# Cannot mount encrypted volume when logging over ssh

## kolcon

Hello,

I have setup encrypted  /home partition and it works well when the user logs in 

on the computer directly (login, su, gdm).

But I have two problems:

1) When I login over ssh, the partition is not mounted.

In the log I get :

Dec 30 08:17:13 localhost sshd[4776]: Accepted keyboard-interactive/pam for aaaa from 192.168.2.104 port 42912 ssh2

Dec 30 08:17:13 localhost sshd[4776]: pam_mount(pam_mount.c:172): conv->conv(...): Conversation error

Dec 30 08:17:13 localhost sshd[4776]: pam_mount(pam_mount.c:476): warning: could not obtain password interactively either

Dec 30 08:17:15 localhost sshd[4776]: pam_mount(mount.c:64): Errors from underlying mount program:

Dec 30 08:17:15 localhost sshd[4776]: pam_mount(mount.c:6 :Cool: : crypt_activate_by_passphrase: Operation not permitted

Dec 30 08:17:15 localhost sshd[4776]: pam_mount(pam_mount.c:521): mount of /dev/md2 failed

Dec 30 08:17:15 localhost sshd[4776]: pam_mount(pam_mount.c:172): conv->conv(...): Conversation error

Dec 30 08:17:15 localhost sshd[4776]: pam_mount(pam_mount.c:476): warning: could not obtain password interactively either

Dec 30 08:17:15 localhost sshd[4776]: pam_unix(sshd:session): session opened for user aaaa by (uid=0)

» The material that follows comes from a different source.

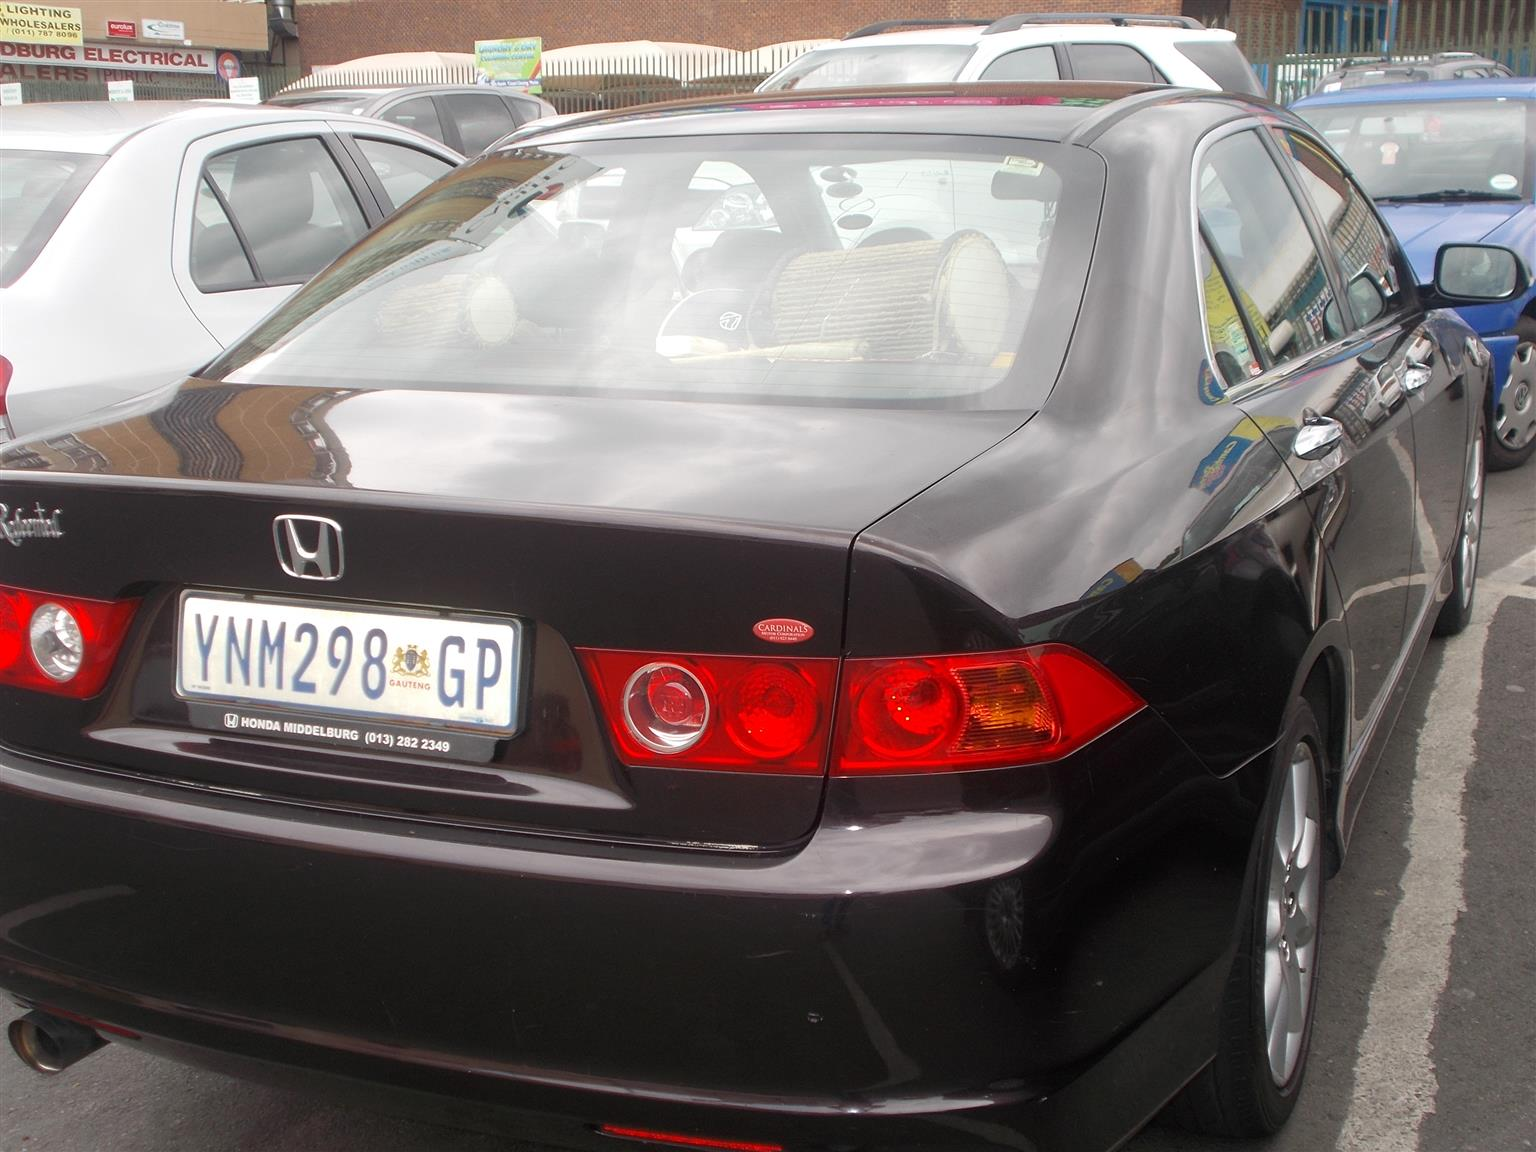 2006 Honda Accord 2.4 Executive automatic
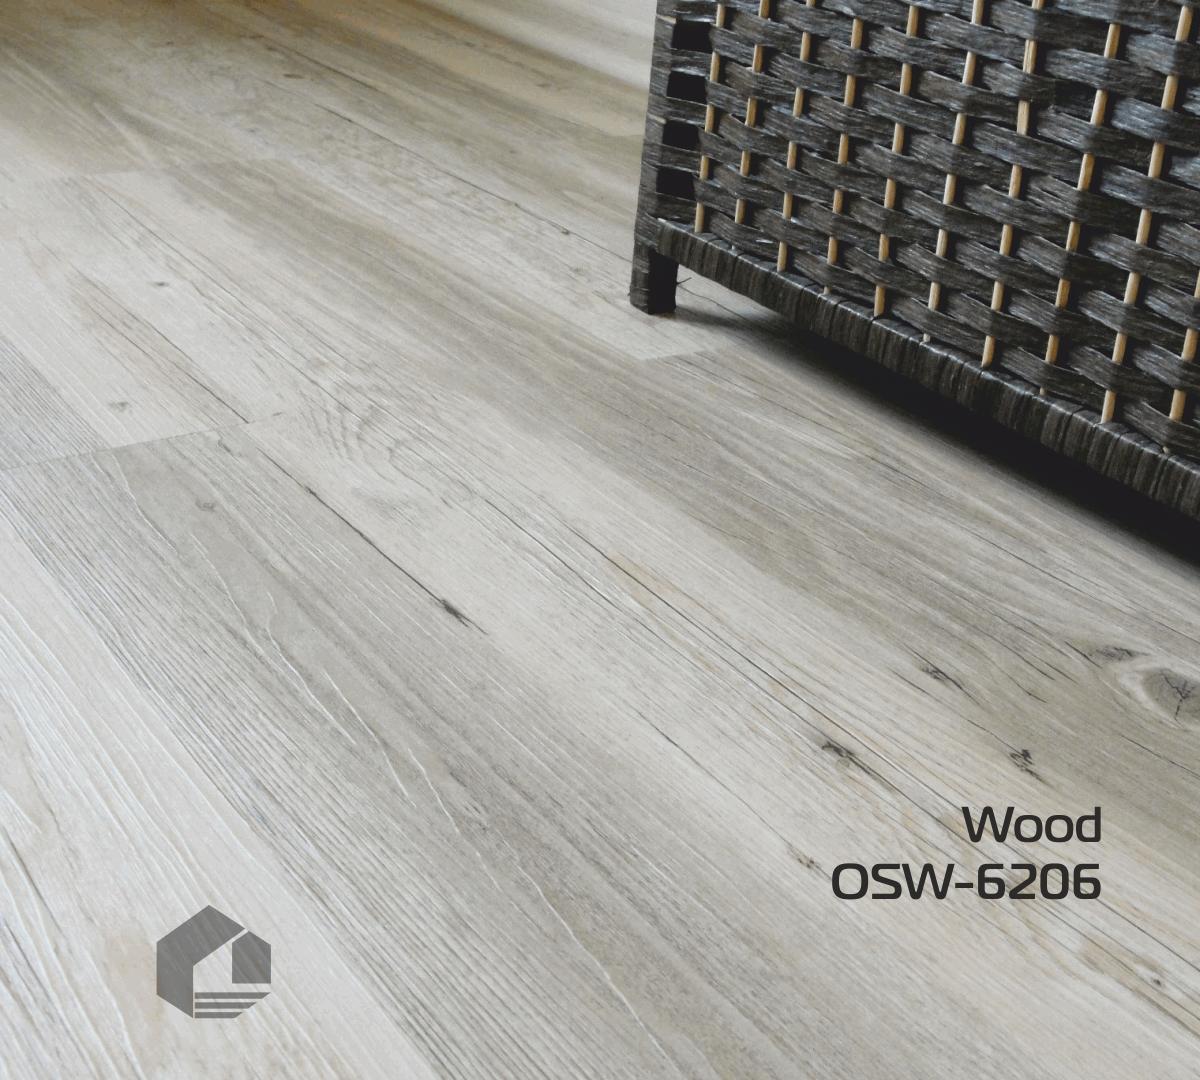 Кварцвиниловая плитка Orchid Tile Wood OSW-6206 (186*940*3 мм.)

I tried modifications of sshd, but no success. 

2) partition is not umounted when logging out

pam_mount(spawn.c:102): error setting uid to 0

pmvarrun(pmvarrun.c:453): could not unlink /var/run/pam_mount/aaaa: Permission denied

pam_mount(spawn.c:102): error setting uid to 0

pam_mount(mount.c:64): umount messages:

pam_mount(mount.c:6 :Cool: : umount: only root can unmount /dev/md2 from /home

pam_mount(mount.c:722): unmount of /dev/md2 failed

What permissions is it missing?

Thank you for any hint.

----------

## o5gmmob8

Hi kolcon,

When it is trying to unmount the partition, those errors are probably being thrown because it's not mounted.

Can you post your configuration files?  I am struggling to even get mine to mount at all.  Perhaps I can help once I get mine to that level of functioning.  When I login, I don't see anything regarding pam_mount in my logs.

Walter

----------